The coming years will be decisive. If enacted, a future Digital India Act may create a more specific liability architecture for AI developers, deployers, intermediaries, and model providers. The DPDP Act will impose consent obligations on training data that many startups have not yet addressed. Several deepfake and labelling concerns are already reflected in the 2026 amendments to the Intermediary Rules, particularly through obligations relating to synthetically generated information, labelling, metadata, and grievance response timelines. And Indian courts will begin deciding, for the first time, whether an AI model that generates harmful content by design is an intermediary at all.
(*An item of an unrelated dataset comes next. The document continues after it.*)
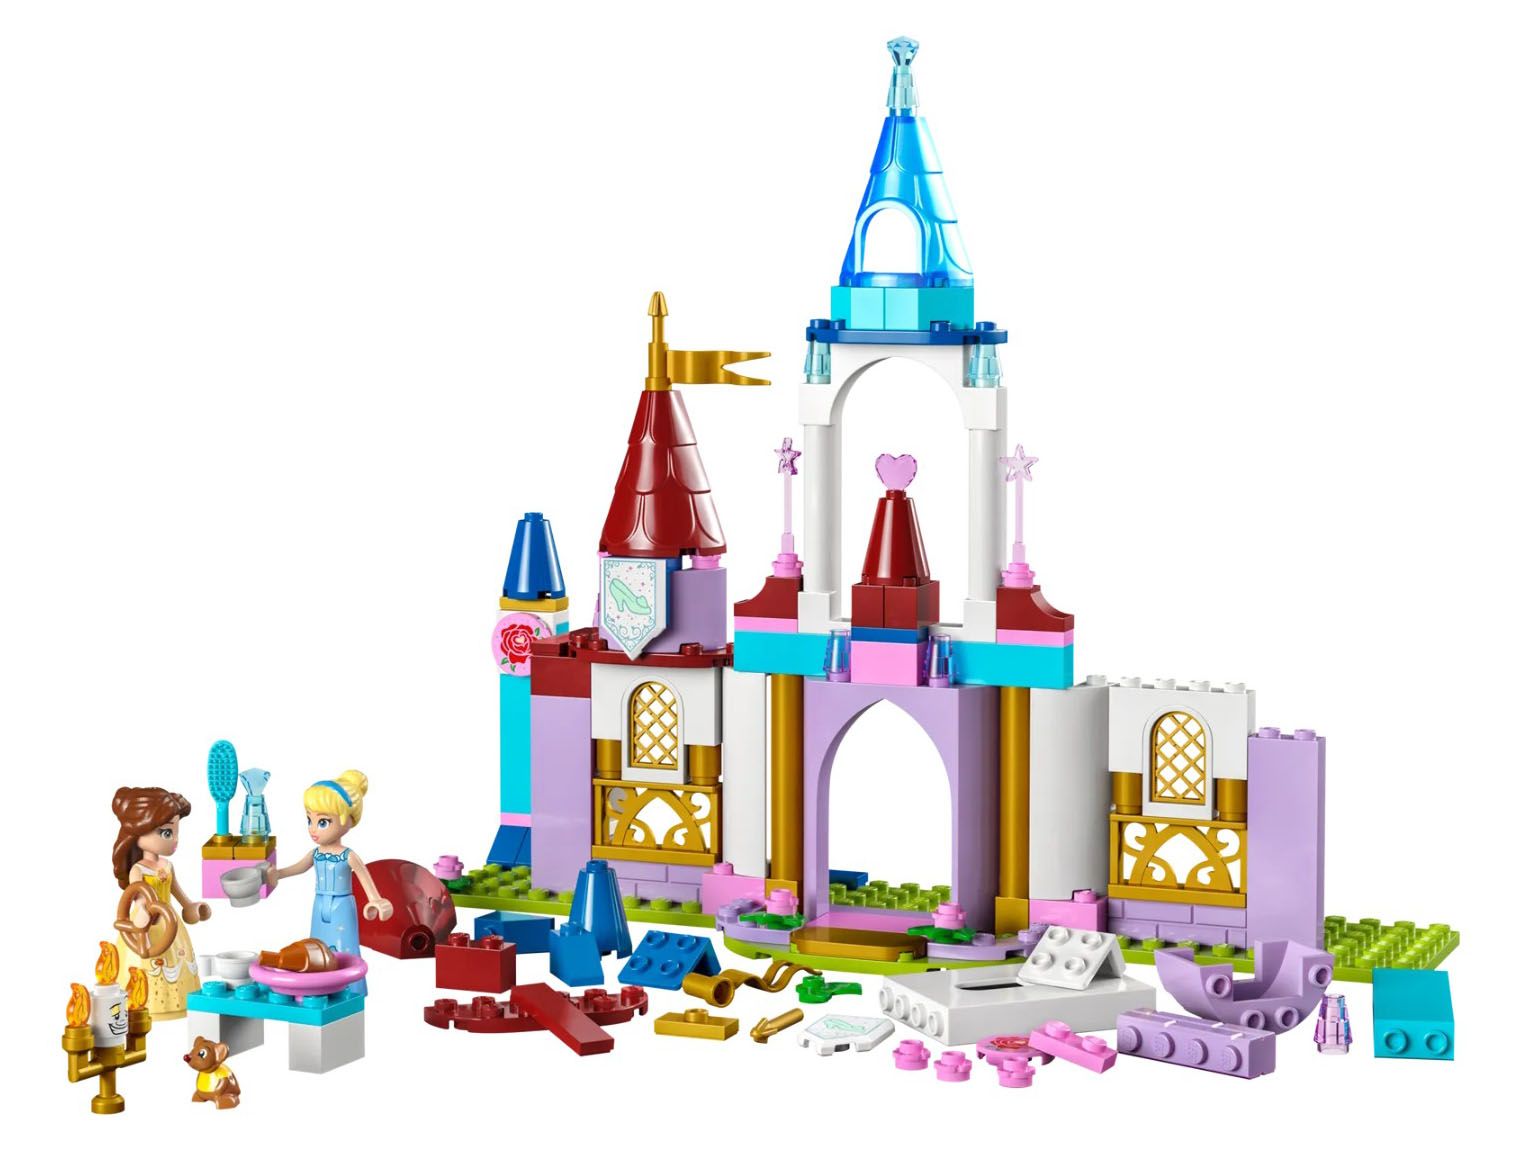 LEGO(R)Disney Princess Castle for March 2023 Officially Revealed | Princess Belle and Cinderella included | Release Date March 1 2023
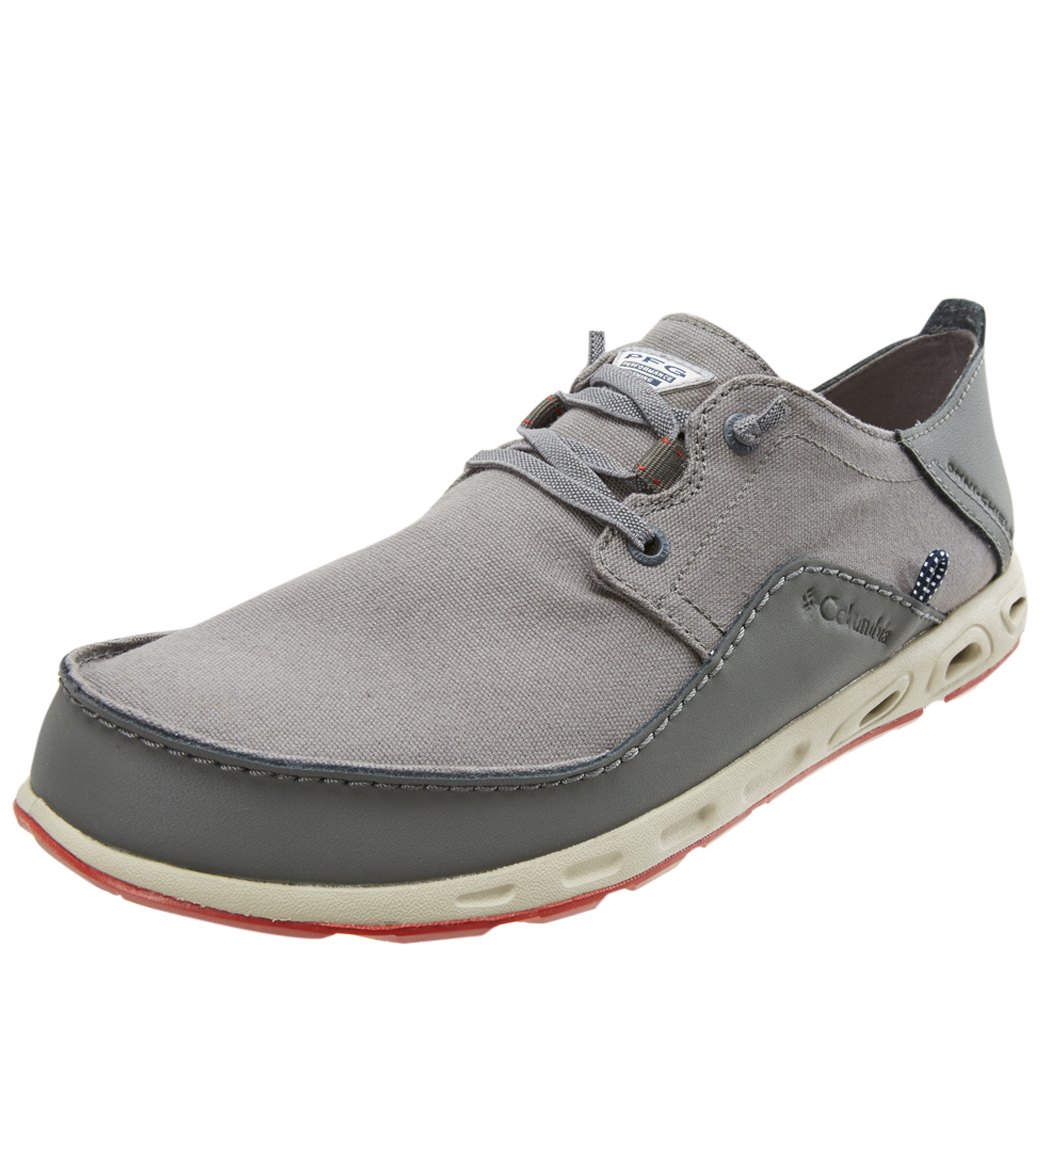 Columbia Men's Bahamatm Vented Relaxed Deck Shoe - City Grey Gypsy 8.5 Grey - Swimoutlet.com

AI startups that treat compliance as infrastructure, embedding grievance mechanisms, content labelling, data governance, and contractual safeguards into their products from day one, will retain safe harbour and scale responsibly. Those who treat Section 79 as a legal afterthought will find, when the first enforcement action arrives, that their shield was never really there.
Disclaimer: This article is for general informational purposes only and does not constitute legal advice. Section 79 safe harbour, intermediary status and AI-related liability depend on the platform’s actual role, product design, technical controls, user flows, moderation practices, knowledge of unlawful content, compliance with applicable orders or directions, and adherence to statutory due diligence obligations. AI startups should obtain legal advice before launching or scaling products involving synthetic media, deepfakes, voice cloning, automated content generation, training datasets, or high-risk enterprise use cases.